TASK INPUTS »
========================================================================

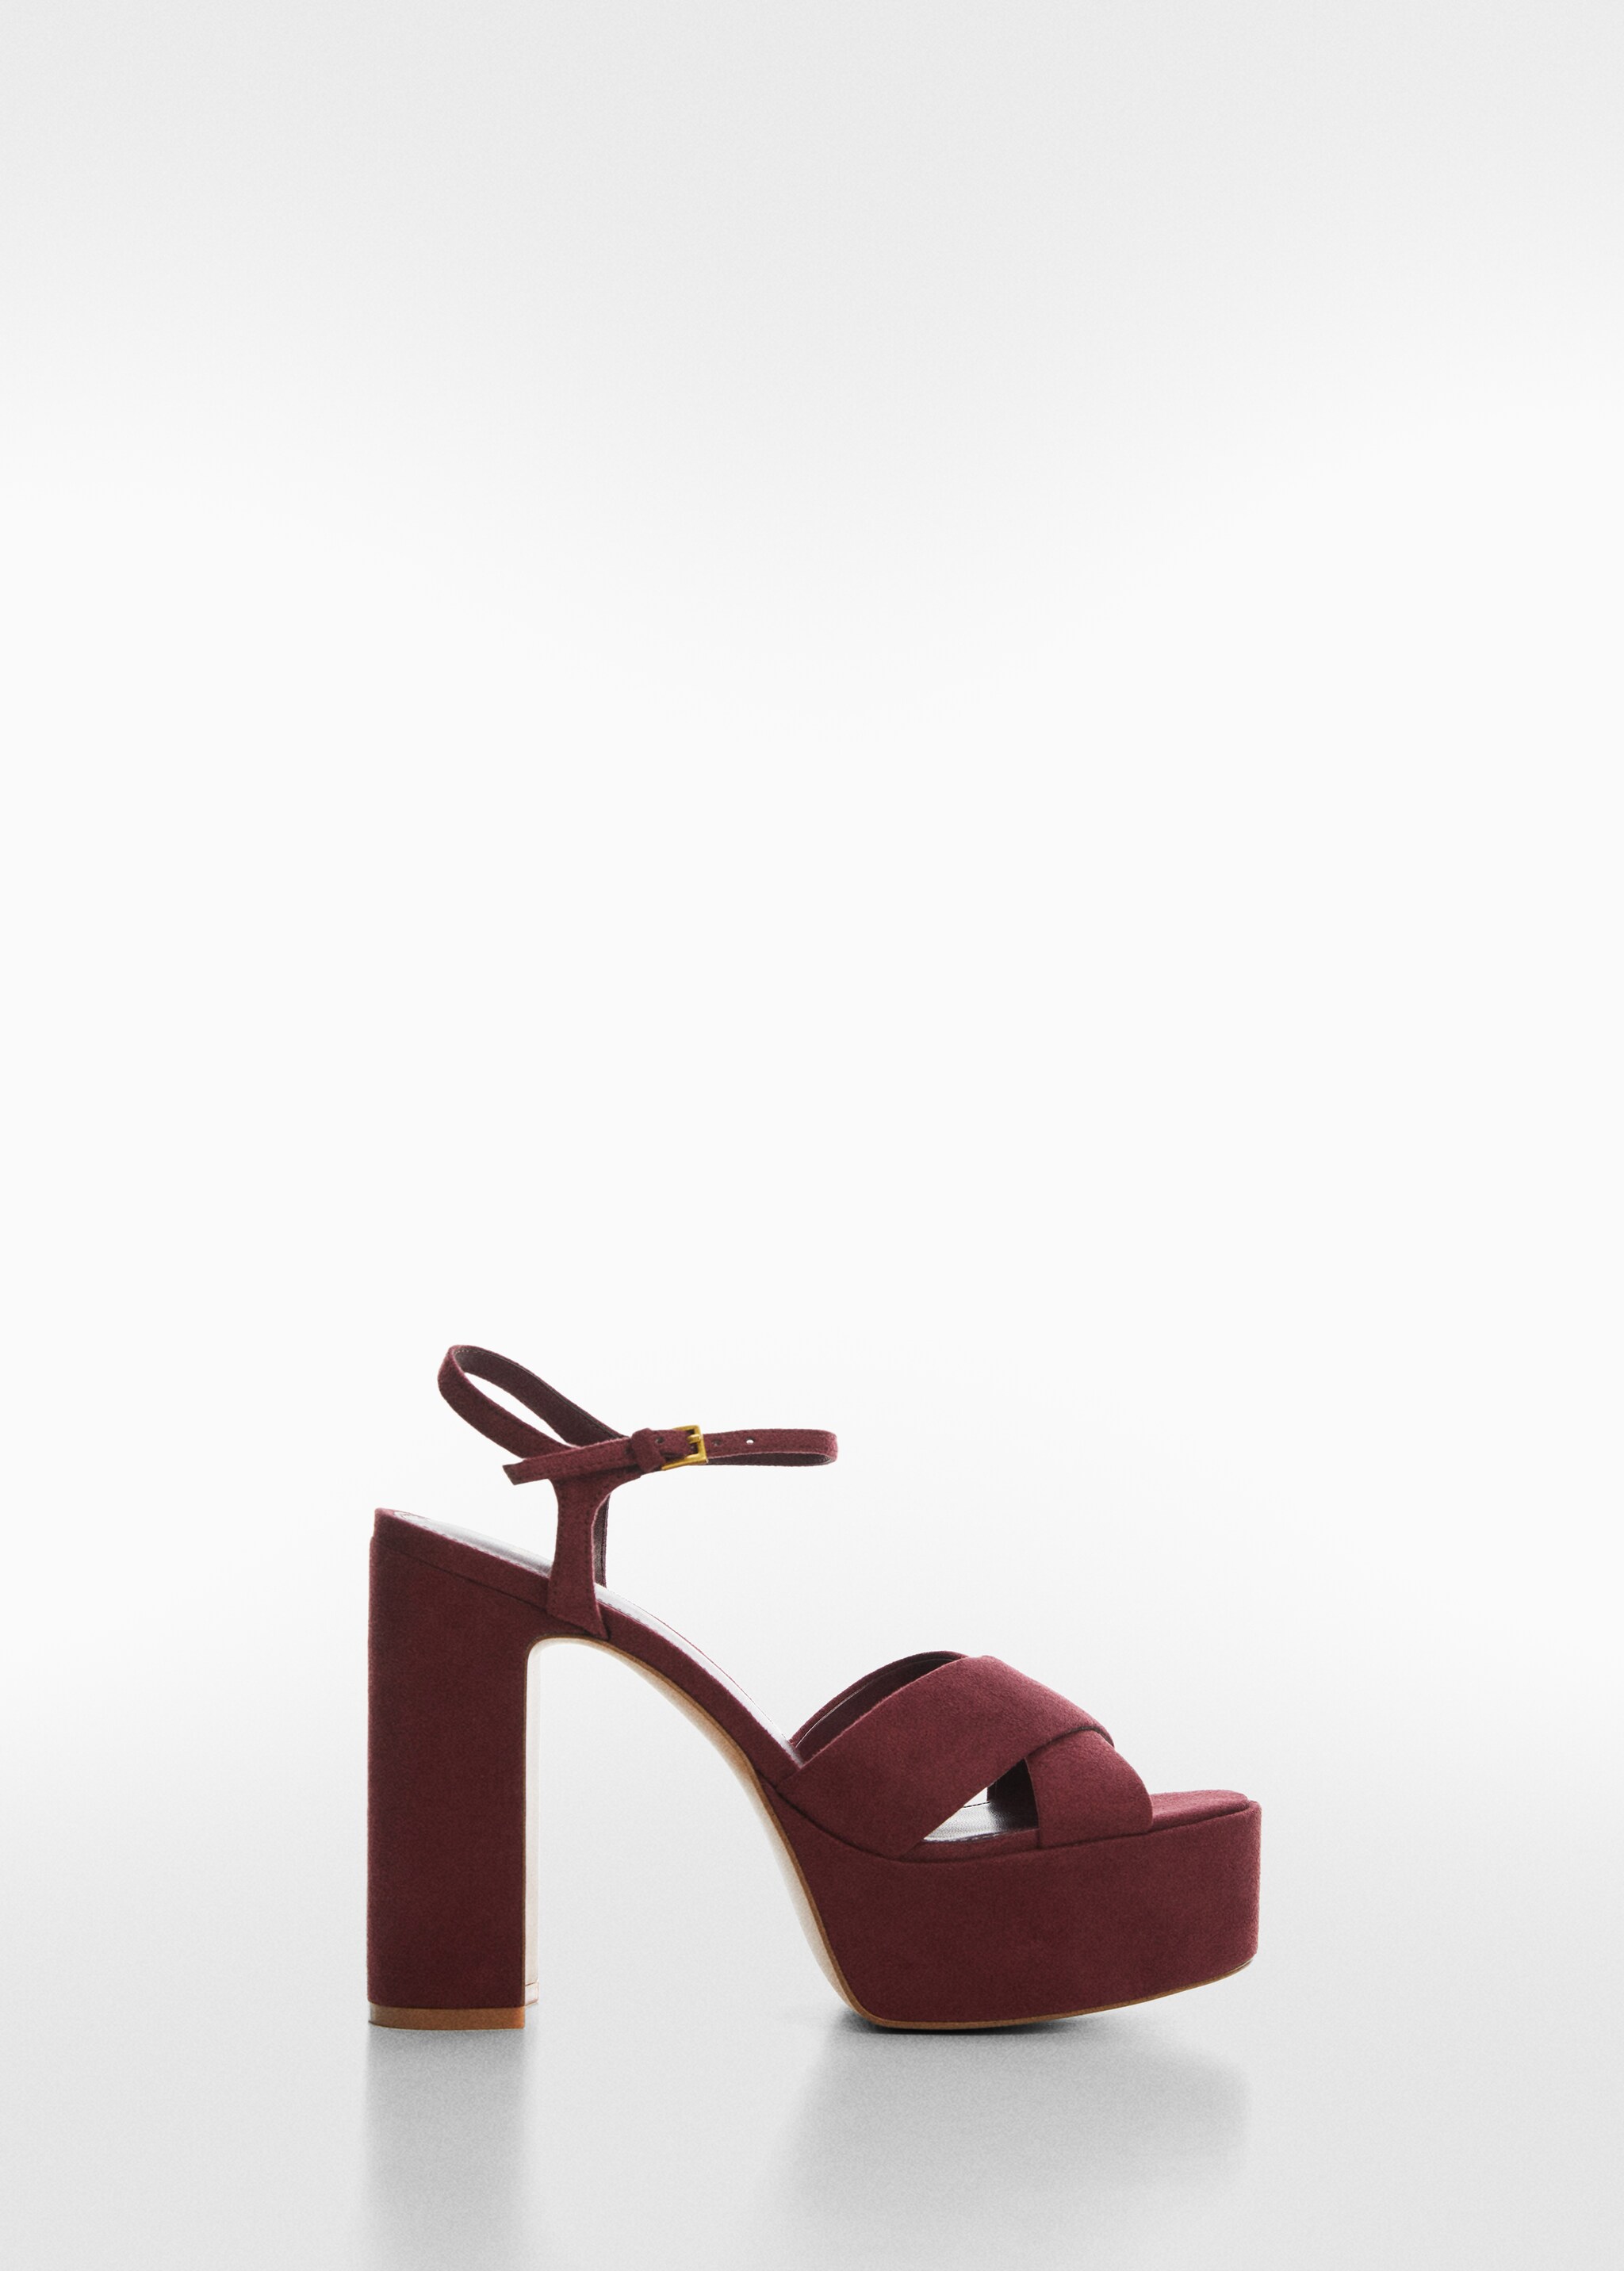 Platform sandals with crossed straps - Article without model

========================================================================

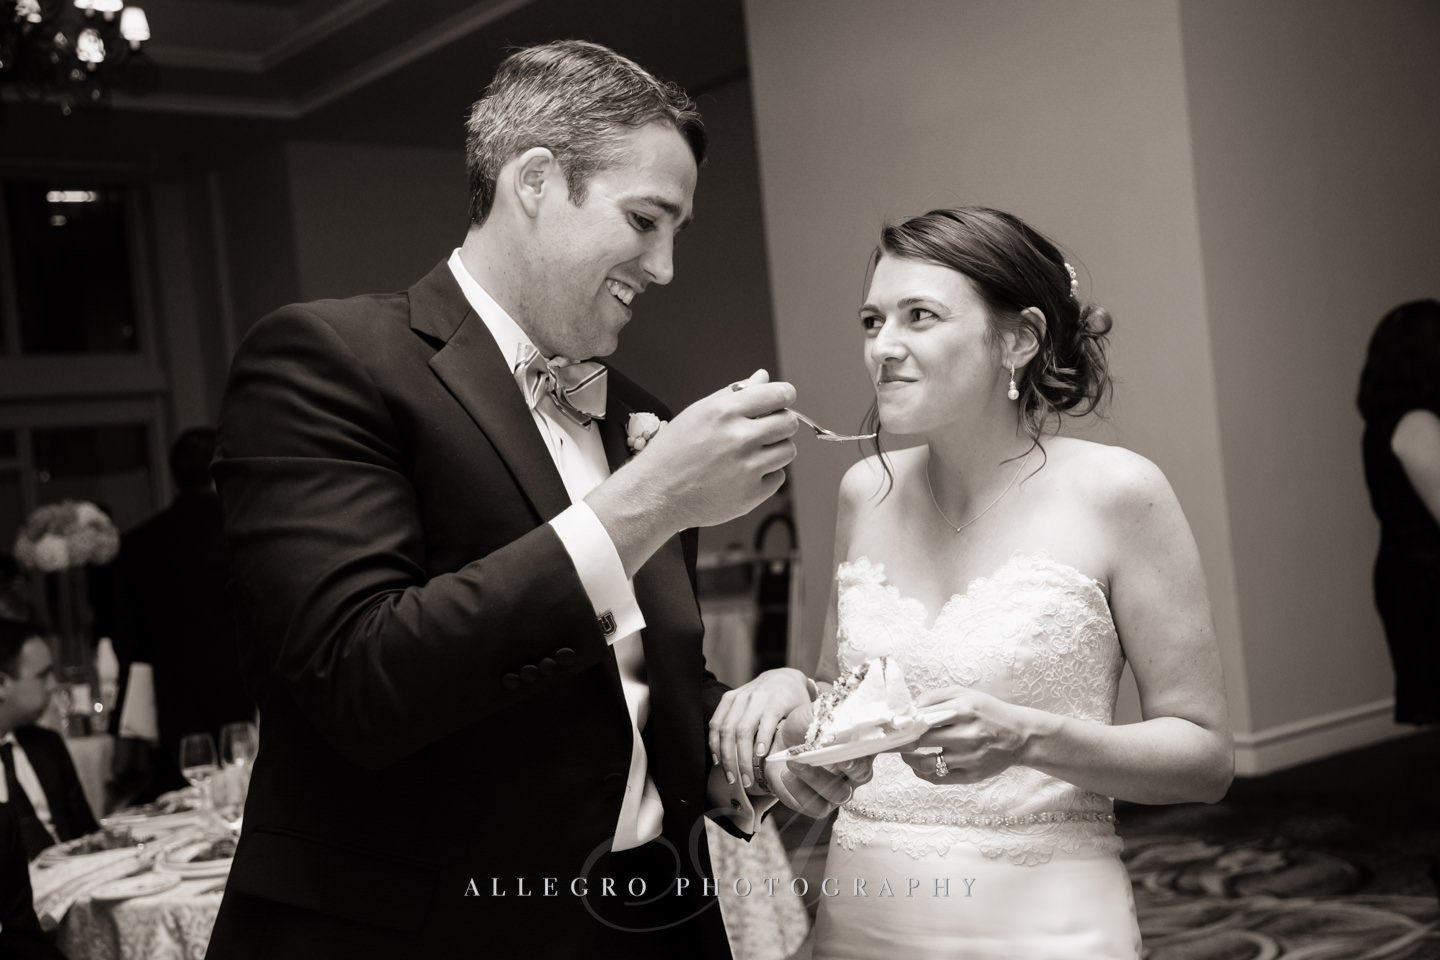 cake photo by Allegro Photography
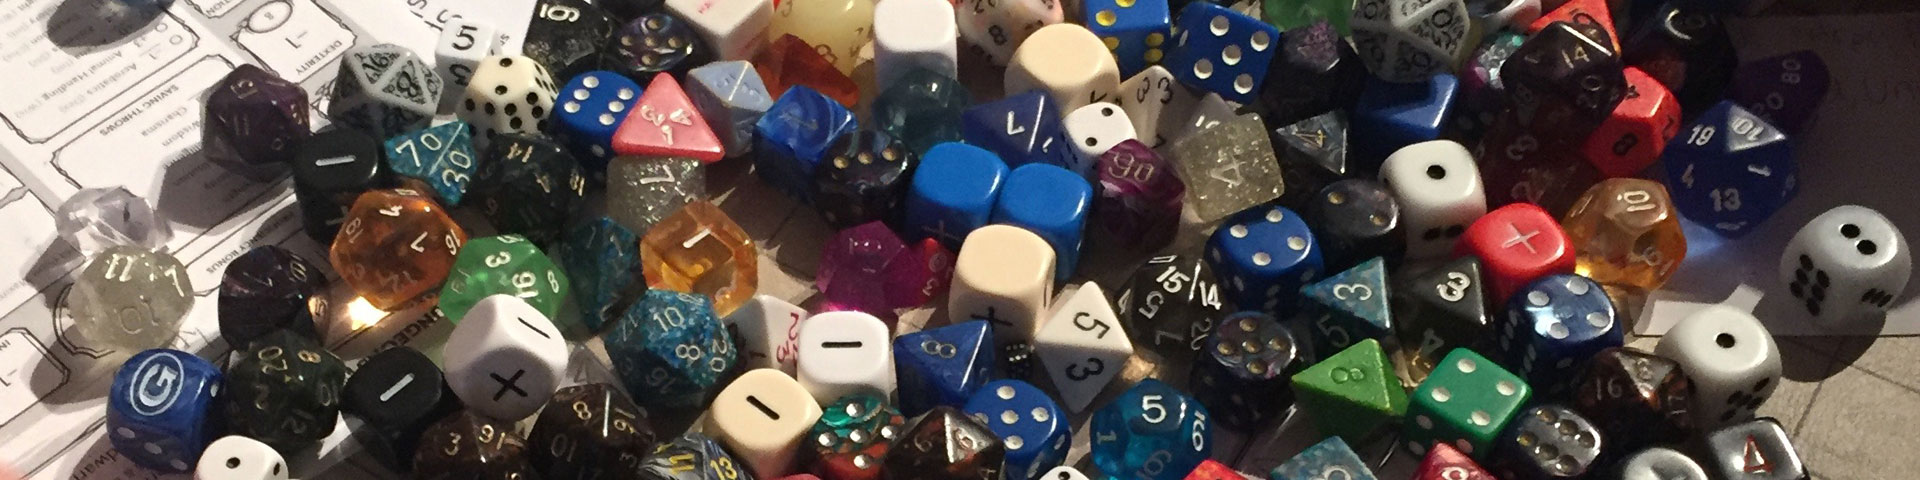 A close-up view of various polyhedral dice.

========================================================================

ACTION ITEM » Would you restate, exactly and with no pictures, the lines of the entries above from the one containing "cake photo by Allegro Photography" through the one containing "A close-up view of various polyhedral dice."?

TASK SOLUTION »
 cake photo by Allegro Photography
 A close-up view of various polyhedral dice.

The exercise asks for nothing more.